Francesca: This is Francesca from the Smart Growth Rocket Podcast by topclassedge.com. More people than ever are making big leaps to their goals, carving their own paths, and being really successful in the process. And on this show, I talked to these bright, shiny successful professionals and entrepreneurs to discuss the ideas, the opportunities, and the strategies they’re taking advantage of so we can all be happier and wealthier. All right, so today I’m super excited to have Dr. Ariel Gershon here with us today. So a little bit of an introduction, Ariel Gershon completed his medical school training in 2019 at the Schulich School of Medicine and Dentistry. You also completed the specialist program in Pathobiology at the University of Toronto, and you’re currently a pathology resident at the University of Toronto, is that all correct?

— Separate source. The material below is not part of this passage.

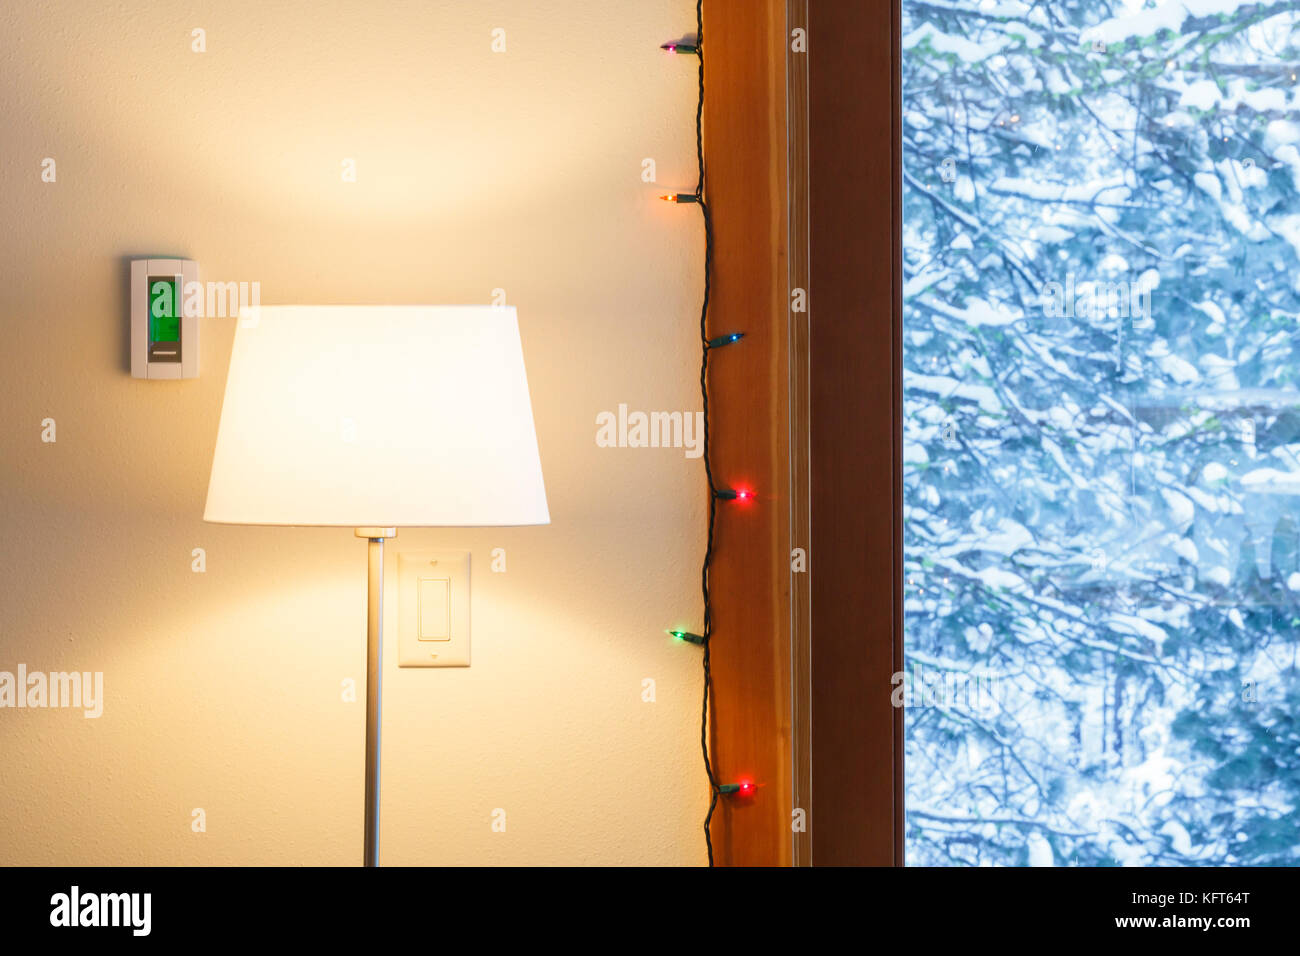 Accueil chaleureux salon intérieur avec thermostat électronique numérique, lampadaire, lumières de Noël et voir à travers les fenêtres de paysage de neige Banque D'Images

Dr. Ariel: Yeah, I actually recently changed from pathology to medical genetics, so now I’m a resident in medical genetics. I went to med school at Western and I did my undergrad in Pathobiology and kind of like Biochemistry, and right now I am at U.T. I spent the last three years studying anatomic pathology and I’ve switched over now to more of a medical geneticist residency,  out of sick kids. I’ll tell you a few things that I’m interested in and that I’m working on. So one thing is I’m really passionate about medical education, I think lots of medicine if you are academically minded can be very rewarding, there’s lots of teaching, and lots of learning going on. People say that medicine is like lifelong learning or like the arts take a long time to learn and so there’s lots of teaching opportunities part of it.

So when I was a medical student, I was teaching my fellow medical students physical exam findings. It’s like how to interpret your observations about the patient. So like, you can listen to a heart and like identify where the heart sounds are and what the murmurs are, what does it mean? I was teaching all that to medical students when I was in my senior year as a medical student, and then as a resident, I had been teaching at basically every level. I teach high school students as well, most recently through a company called MEDSKL. And I’ve also been teaching medical students in residence online, through Zoom and all stuff. We have like a global community of learners who join us every month to learn from a different specialty. So that’s a MEDSKL, It’s pronounced med skill or med school if you want.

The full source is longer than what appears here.